Seriously...think outside your little world. HR folks are people who get to be
a God for a moment and choose who they want their boss to interview.

HR practices to schedule an interview was based on how many "key words"
appeared in your resume....count the words and if there are enough move them
to the interview.

Seriously...HR folks may be the receptionist at the front desk, the mail boy
who got the resume, an intern who wants the job someone is applying for....HR
folks are PEOPLE...think about this folks!

------
maeon3
As evidence that these facebook-reference checks are actually occurring, Here
is an example of a recruiter friending me during an interview process:

Elizabeth Nuzzo, Senior IT Recruiter @ Professional Alternative Inc. Studied
at University of Connecticut, Lives in Boston MA Born on May 23, 1982

It feels wrong for the hive mind to discuss Elizabeth Nuzzo's behavior against
her will. But hey, it's a two edged sword.

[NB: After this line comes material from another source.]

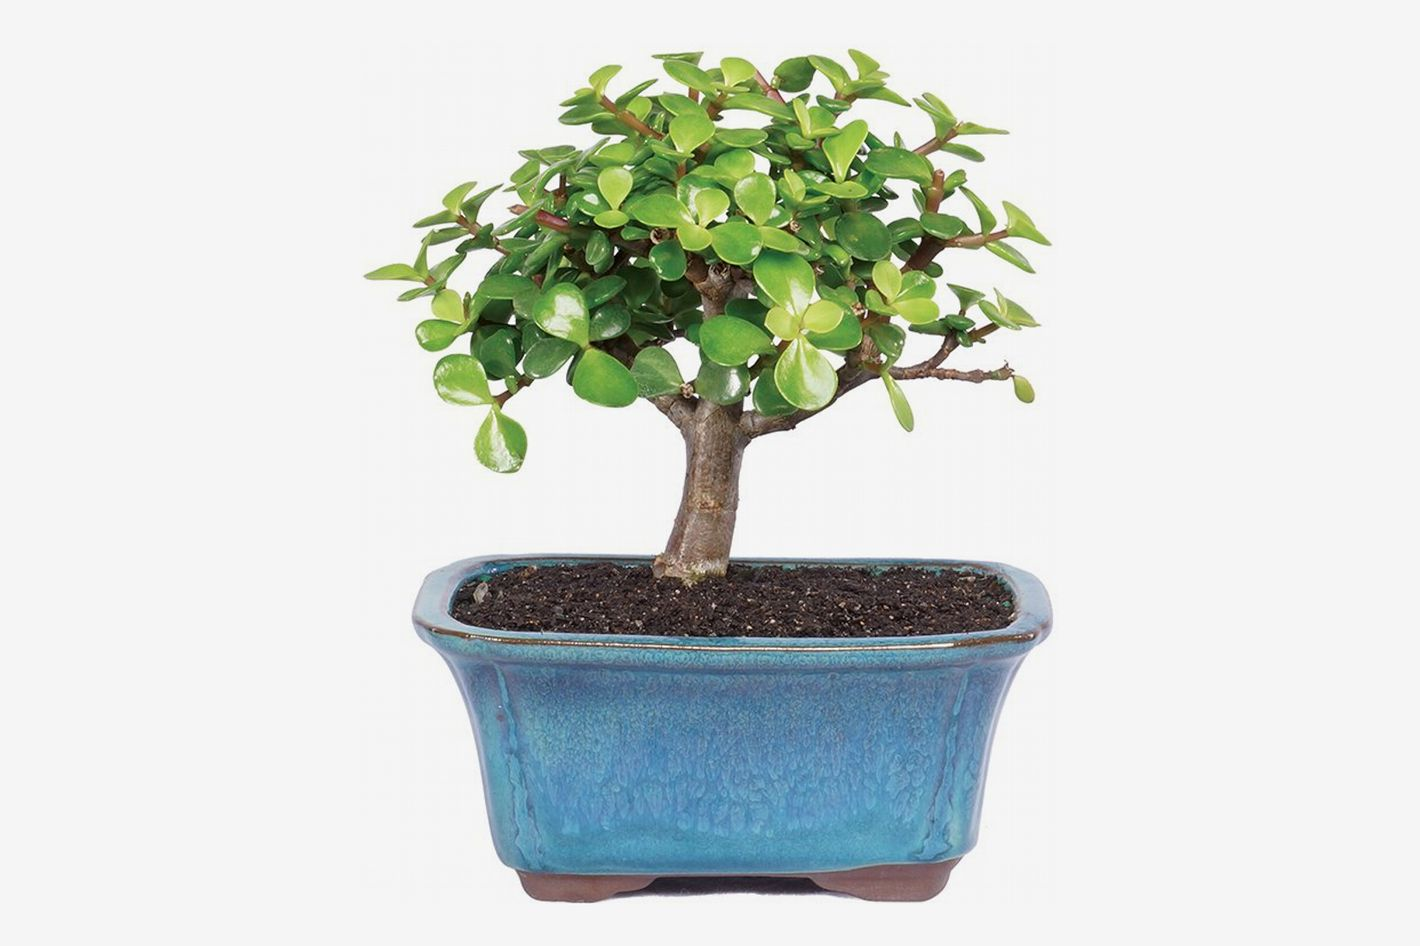 Brussel's Live Dwarf Jade Indoor Bonsai Tree
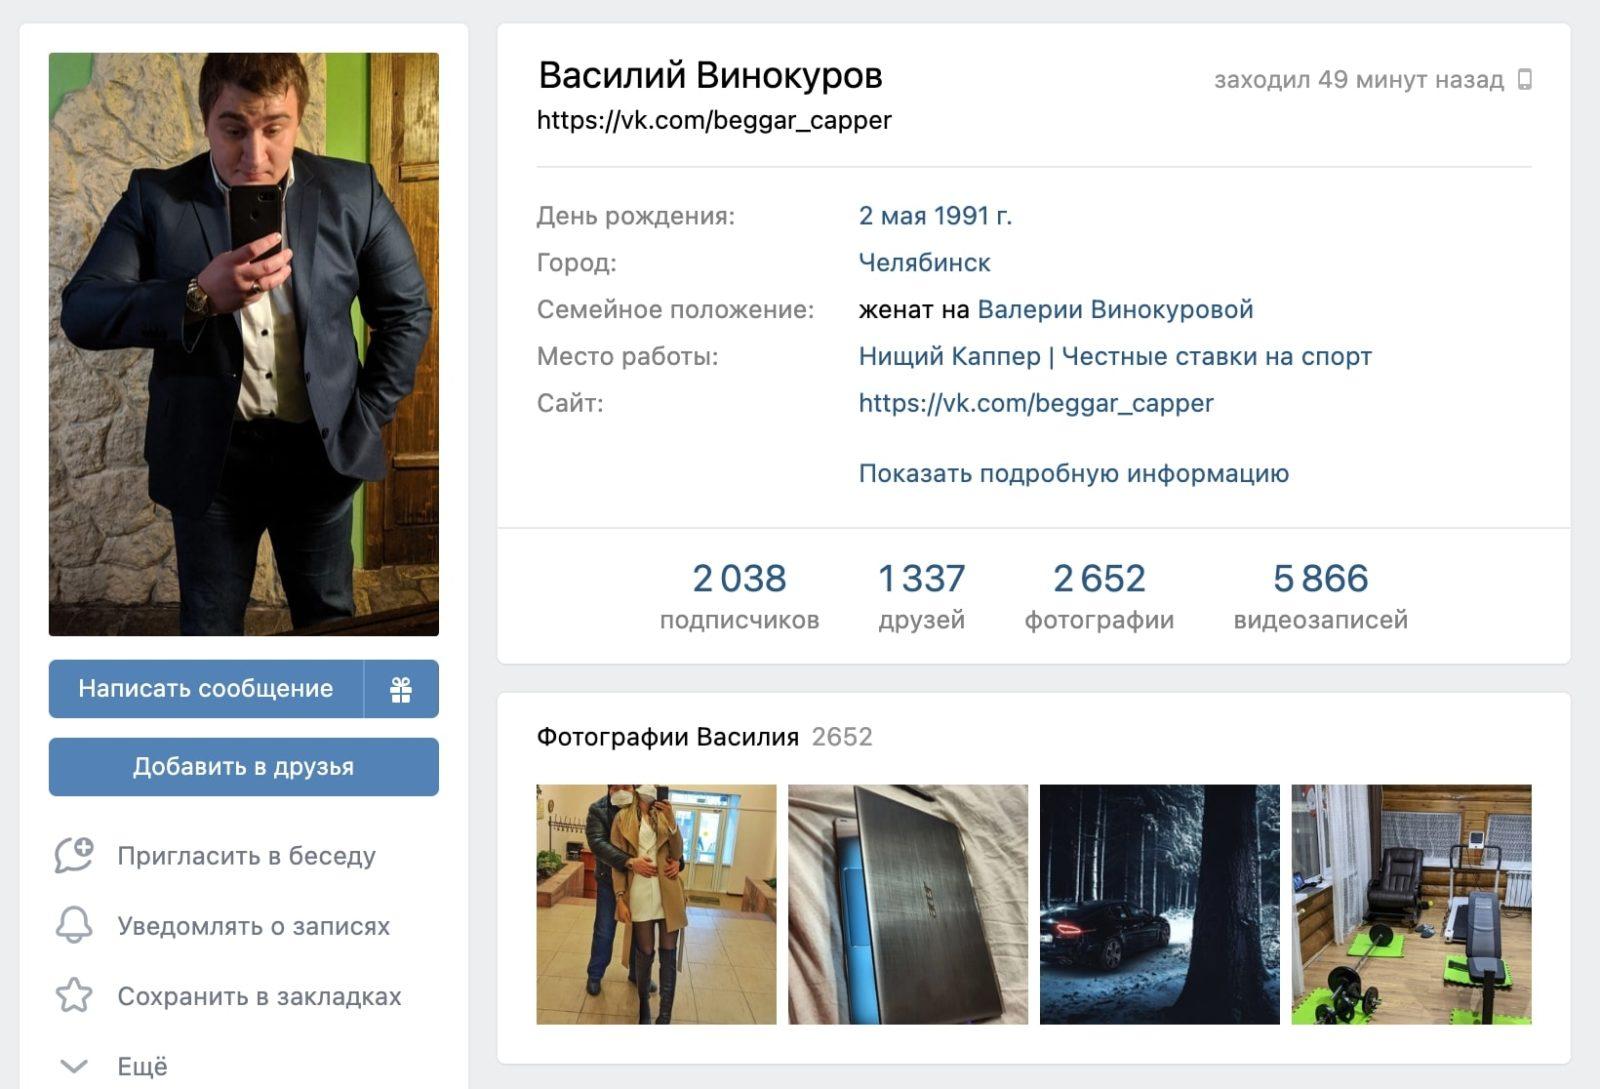 Личная страница каппера Василия Винокурова

It is a bit jarring for everyone on the internet be able to expose you and
your innermost personal preferences, what you do, and how you work, why, and
evaluate you based on this against your will. I figure it is inevitable that
privacy becomes a thing of the past, we might as well embrace it and remember
that what you do online is as important as how you present yourself during an
interview.

You are never off-stage, your entire life is an interview. Sleep with one eye
open.